In this paper, based on the analysis of the influencing factors of multi-UAV anti-submarine tasks in a complex unknown sea environment, a knowledge-driven search path planning system framework is designed. The design of the three-layer information model helps the UAV system to form a knowledge base among aircraft groups. Within this framework, the data and knowledge layers synergistically integrate prior information, detection information, state information, and search rules of the UAV group to ultimately influence the decision-making process at the decision layer. Through the combination of online search and learning, the high-quality decision scheme of UAV can be transformed into a search experience to enrich the knowledge base. To facilitate the call of the knowledge base, an event-based call mechanism is designed. The UAV is capable of utilizing search rules from the knowledge base according to the current event attributes and associated rules. The experiment shows that the UAV swarm can perform the search task according to the action template in the knowledge base under a specific event. In addition, to continuously improve the knowledge base and improve the quality of search path planning, the KD-SAC algorithm is used to interact with the environment to adjust the action and state of the UAV in real-time to generate the optimal decision, and new search rules are formed by RDIRV strategy and the knowledge base is expanded. This strategy can accelerate the learning rate of the KD-SAC algorithm by modifying the punishment function. Simulation results show that KD-SAC is efficient in learning and solving path-planning problems. The superiority of this strategy is demonstrated by comparing KD-SAC with three other algorithms, particularly in terms of planning highly smooth paths and effectively avoiding obstacles. The obstacles in this paper are represented as regular geometric shapes, which simplifies the complexity of the environment. Therefore, in future studies, we will consider environments with irregular obstructions.

7. Future Work

The next step involves validating the proposed strategy’s path planning and search capabilities in a larger cluster of UAVs and a more complex environment that includes dynamic obstacles and irregular obstacles with overlapping polygons. Then, the impact of the environment on sensor performance will be further investigated.
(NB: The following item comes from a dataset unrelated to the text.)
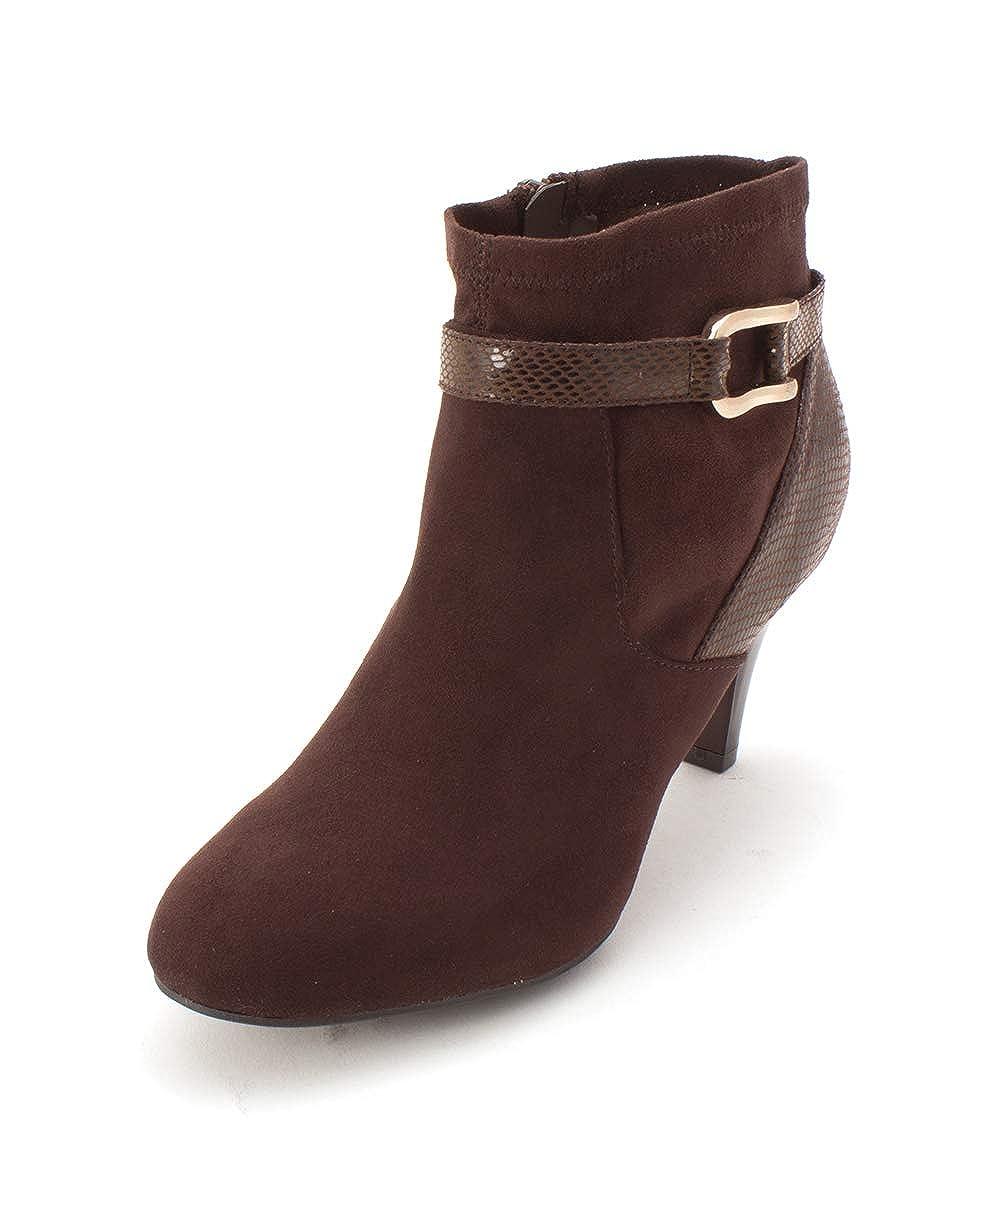 2bc5cb44ac9378 Karen Scott Scott Karen Frauen maxinee Geschlossener Zeh Fashion Stiefel  31982c
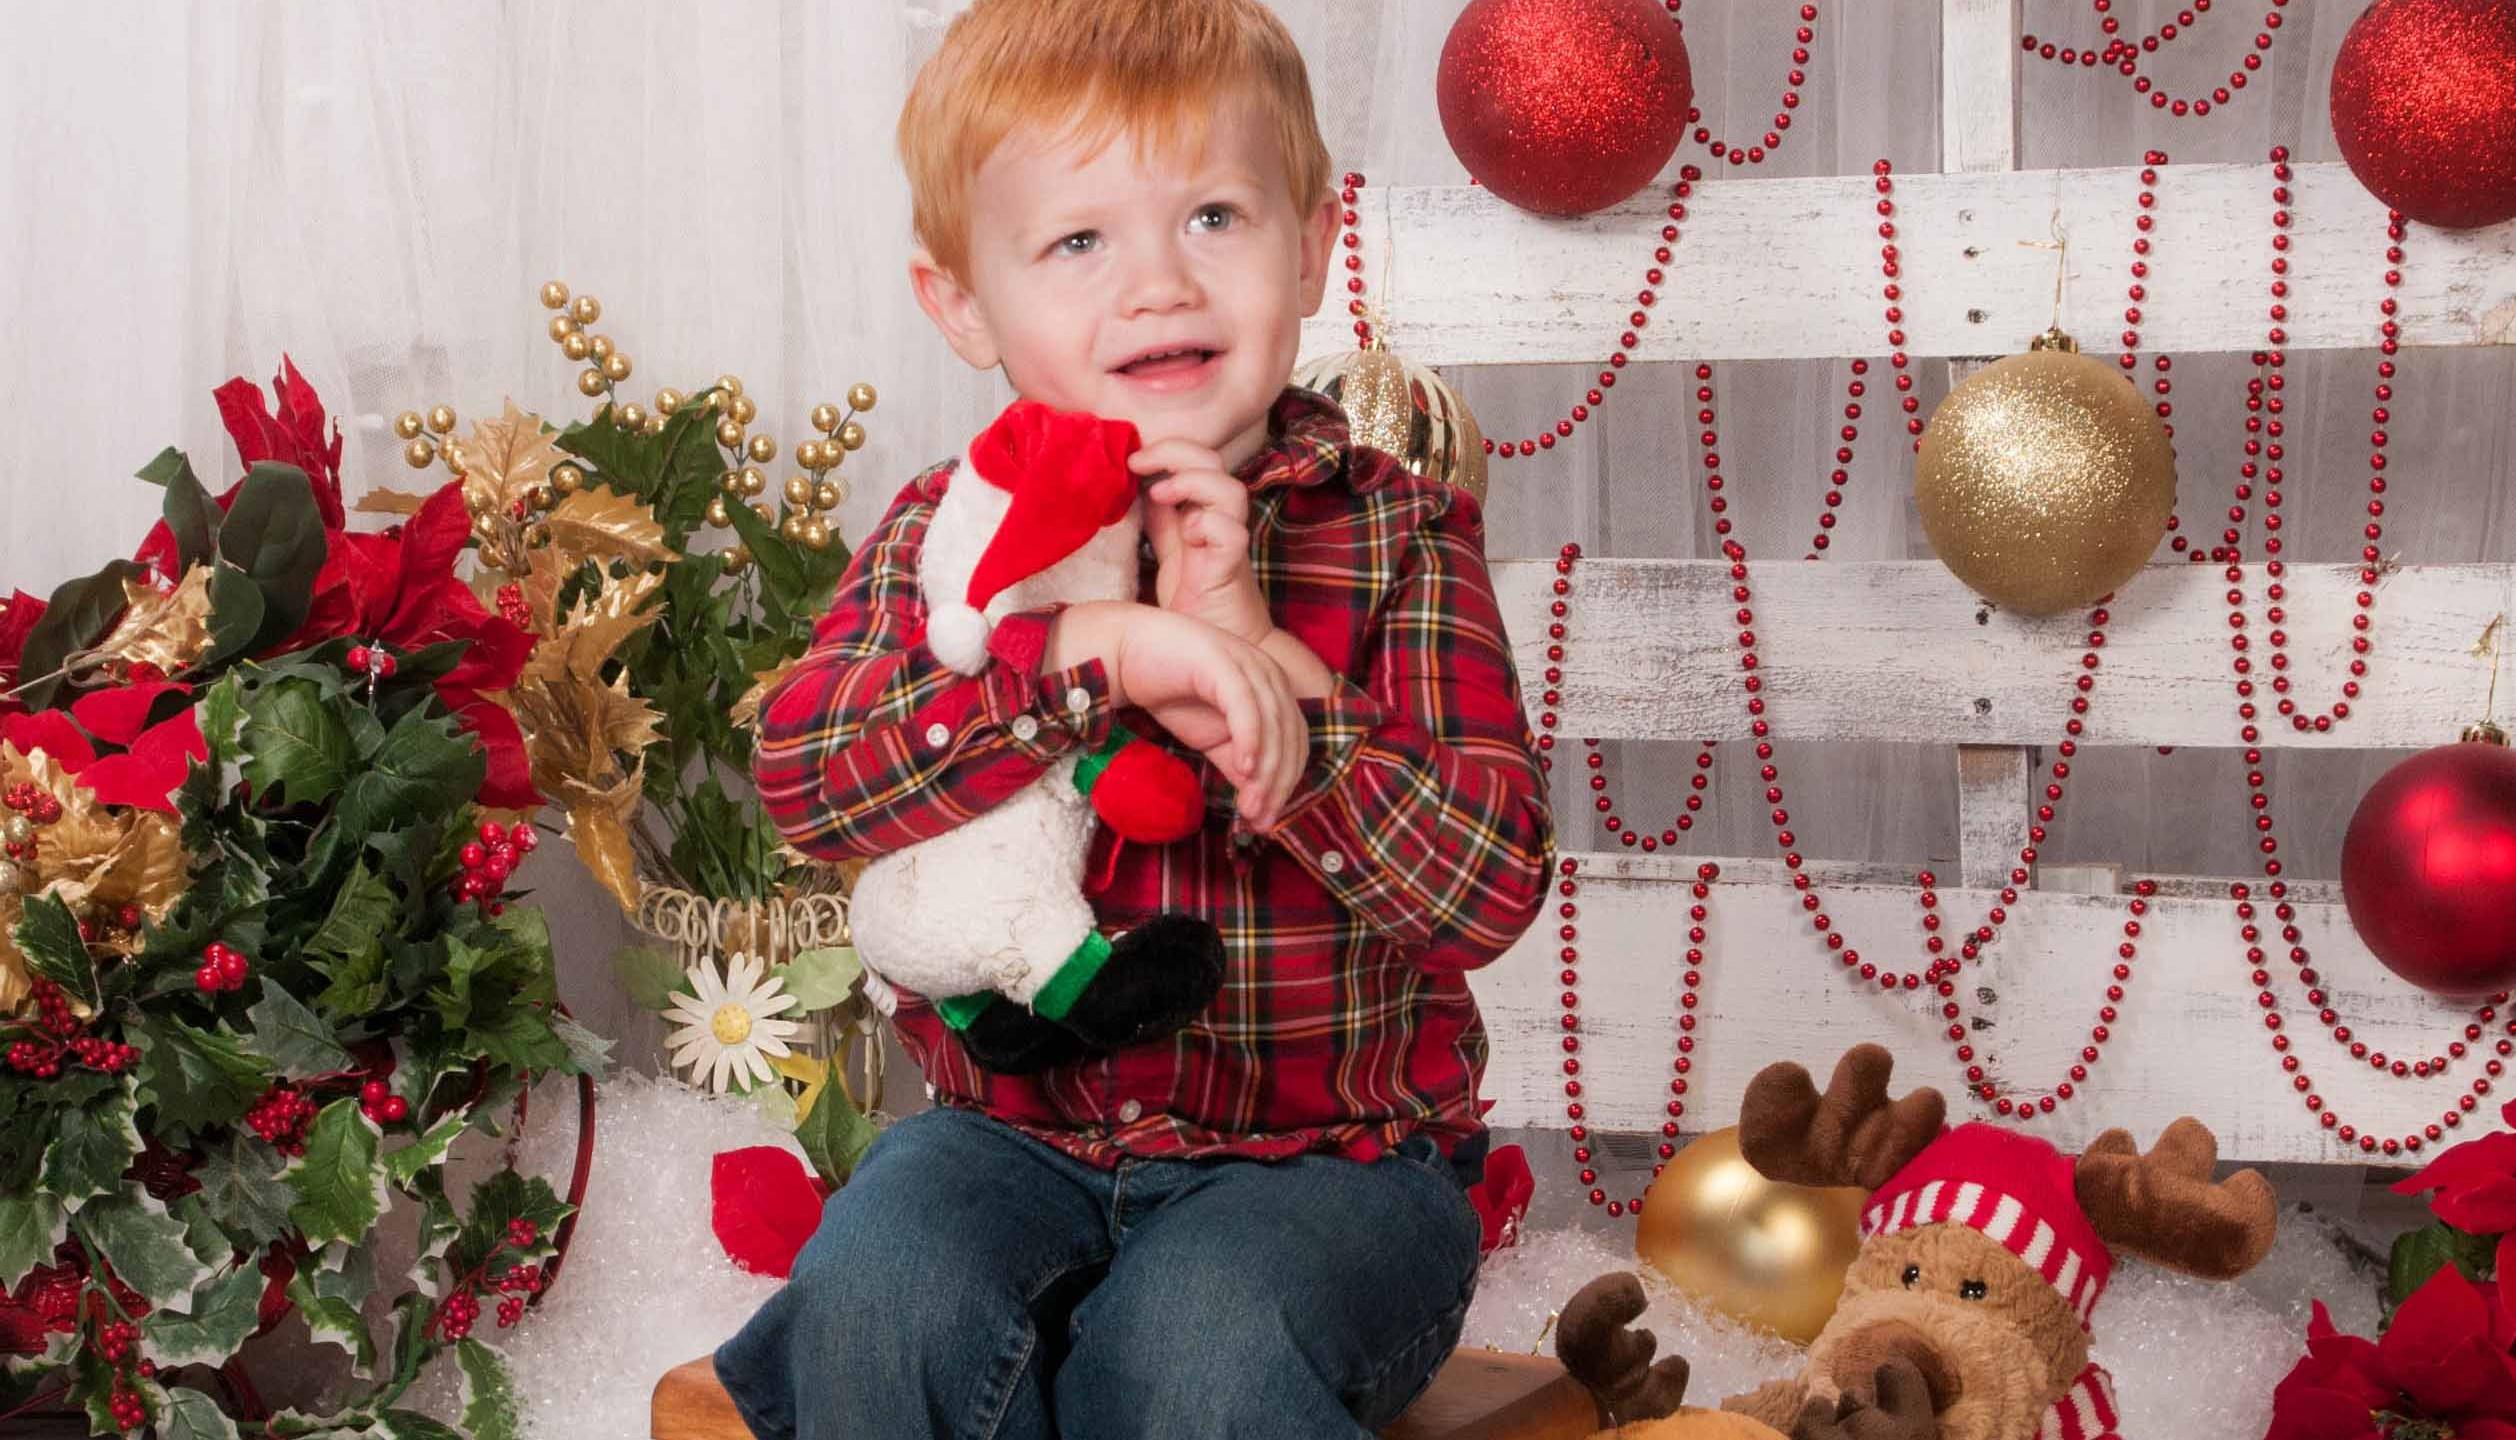 cutest childrens chrismtas photos, adorable holdiay poses, on-site photography buckeye, az

The impact of the natural environment on various sensors, including ranging sensors and detection sensors, will be then examined and taken into consideration in our future work. Furthermore, a more comprehensive initial knowledge base will be established by investigating the influence of submarine formation on search rules. Finally, the knowledge-driven search path planning system framework will be used to consider existing anti-submarine problems.

Author Contributions

Conceptualization, W.Y.; Methodology, W.Y., X.Z. and W.T.; Validation, W.Y.; Investigation, W.Y.; Writing—original draft preparation, W.Y. and W.T.; Writing—review and editing, W.T.; Supervision, W.Y.; Project administration, W.Y.; Funding acquisition, W.Y. All authors have read and agreed to the published version of the manuscript.

Funding

This research was funded by the Dalian Science and Technology Innovation Fund [grant number 2019J12GX040] and the Fundamental Research Funds for the Central Universities [grant number 3132017128].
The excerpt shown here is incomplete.